**Exercise instructions**
Leave out the images and return all the data word for word.

**Stored data**
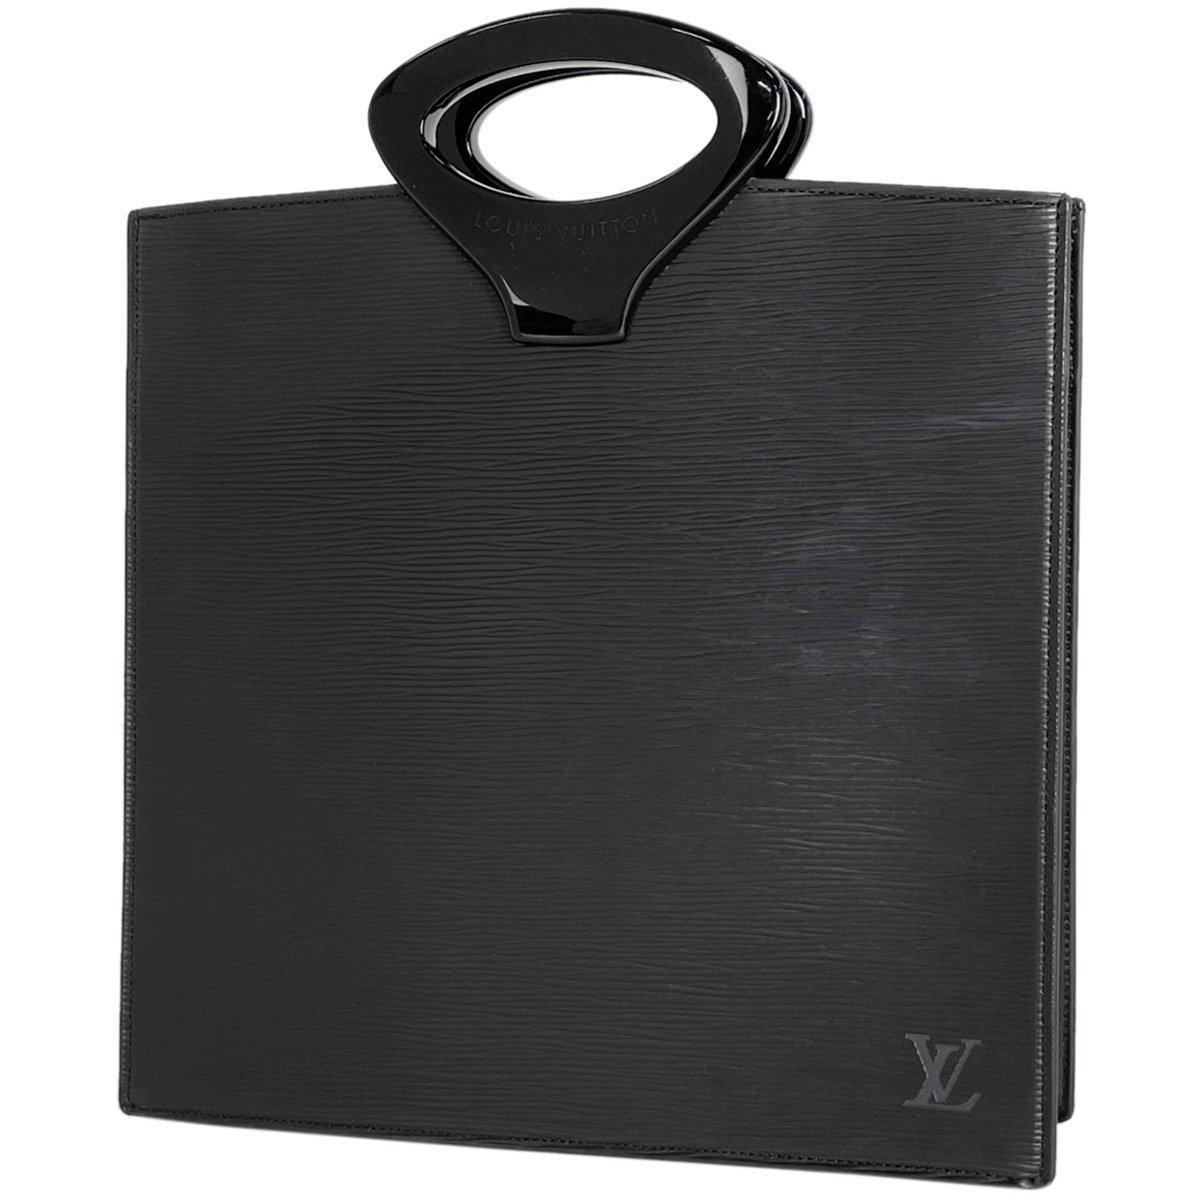 ルイ・ヴィトン Louis Vuitton オンブル 手提げ ハンドバッグ エピ ブラック M52102 レディース 【中古】
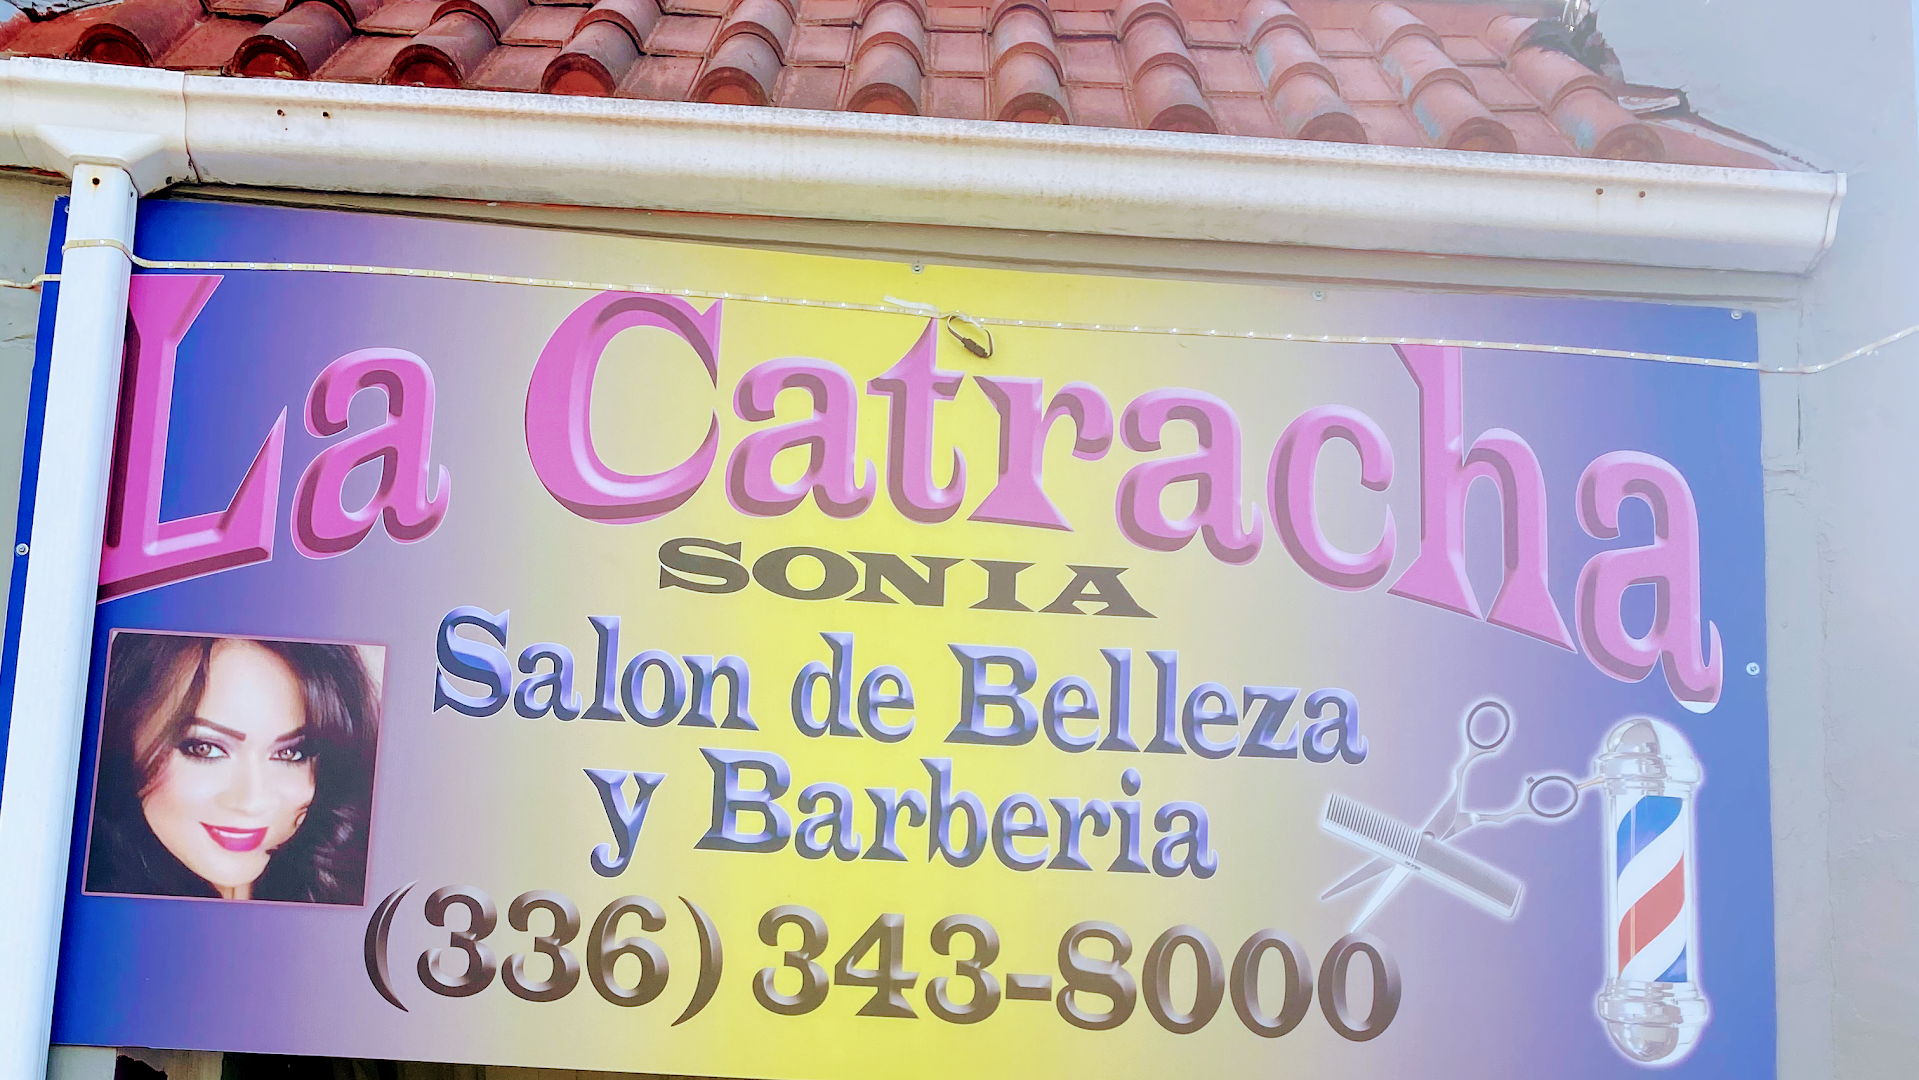 LA CATRACHA SALN DE BELLEZA Y BARBERA
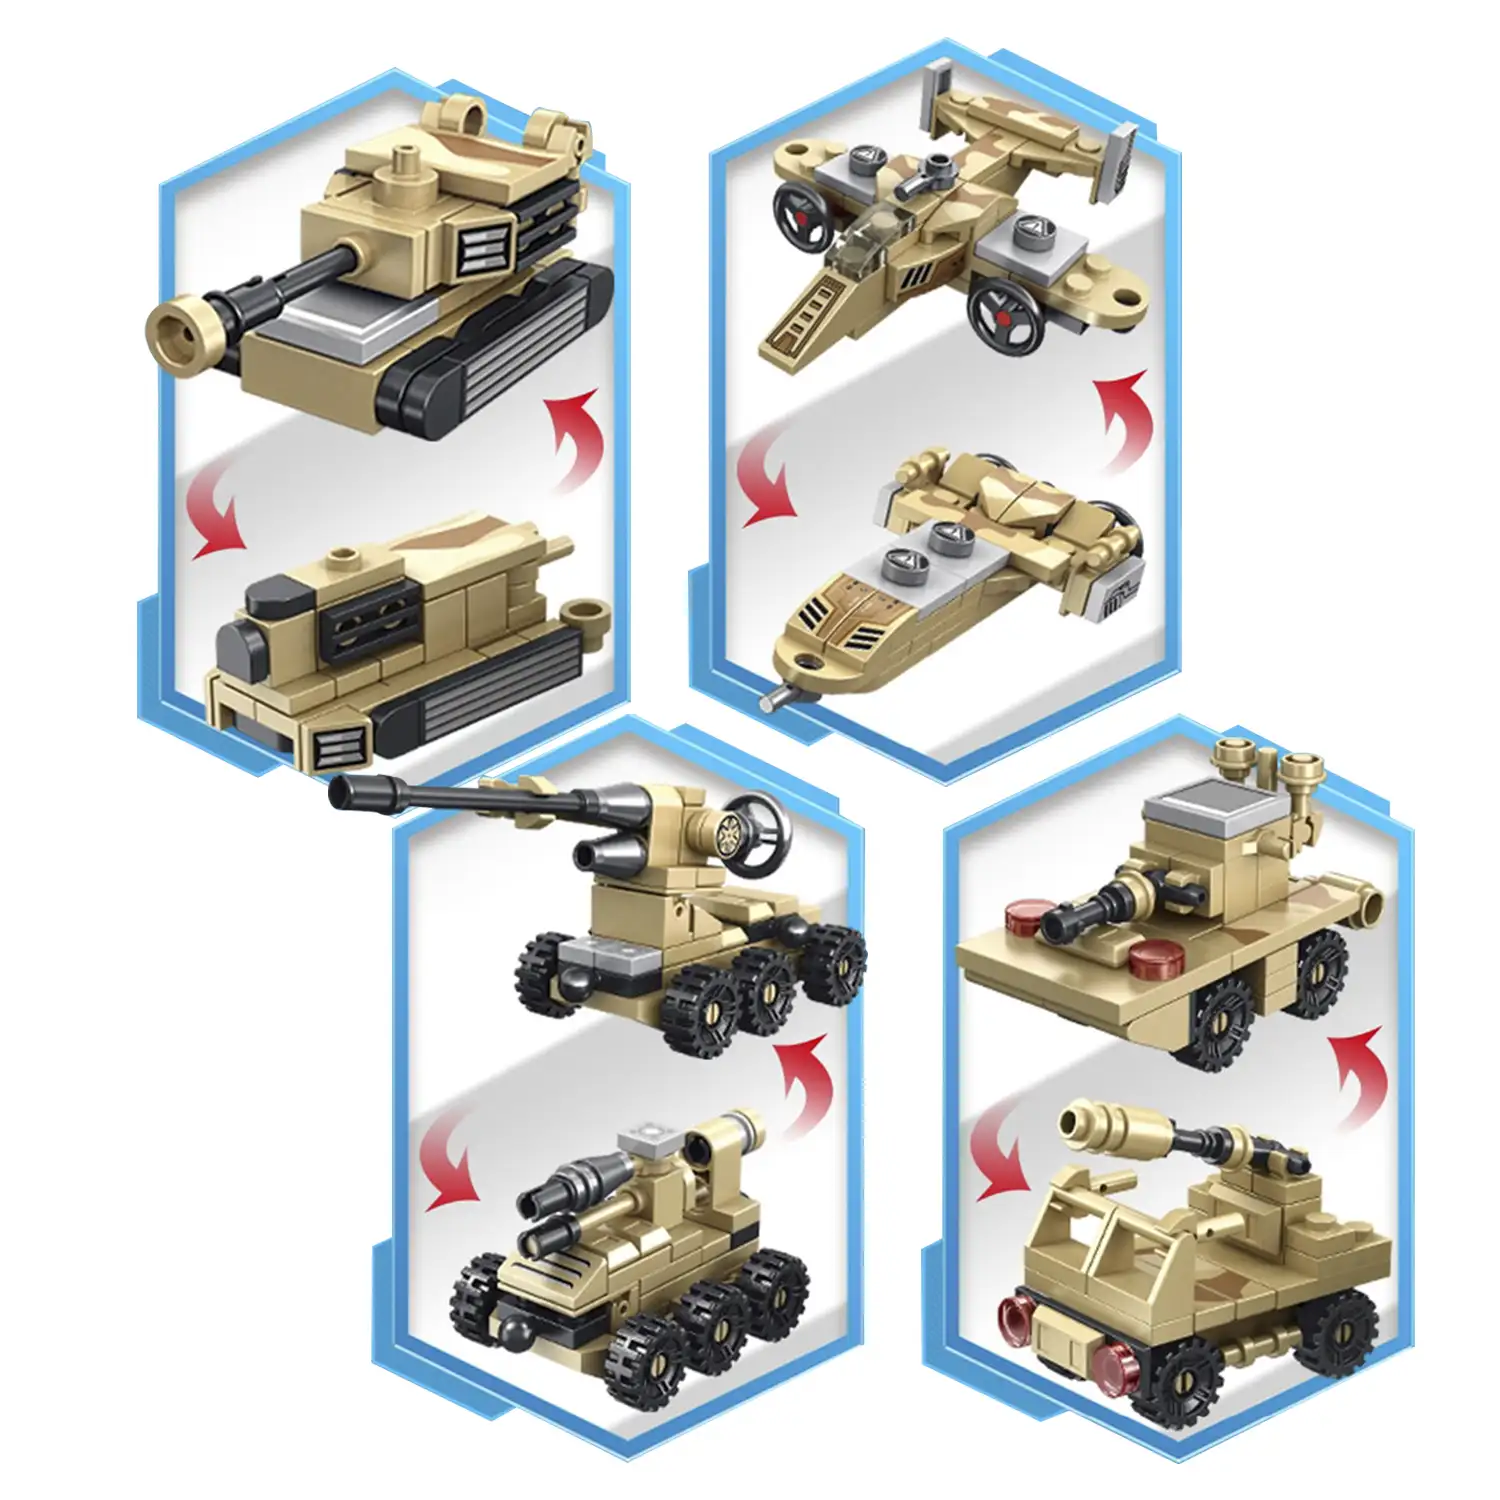 Robot 8 en 1 y vehículo militar 2 formas, cada modelo 2 formas 385 piezas

**Exercise answer**
 ルイ・ヴィトン Louis Vuitton オンブル 手提げ ハンドバッグ エピ ブラック M52102 レディース 【中古】
 LA CATRACHA SALN DE BELLEZA Y BARBERA
 Robot 8 en 1 y vehículo militar 2 formas, cada modelo 2 formas 385 piezas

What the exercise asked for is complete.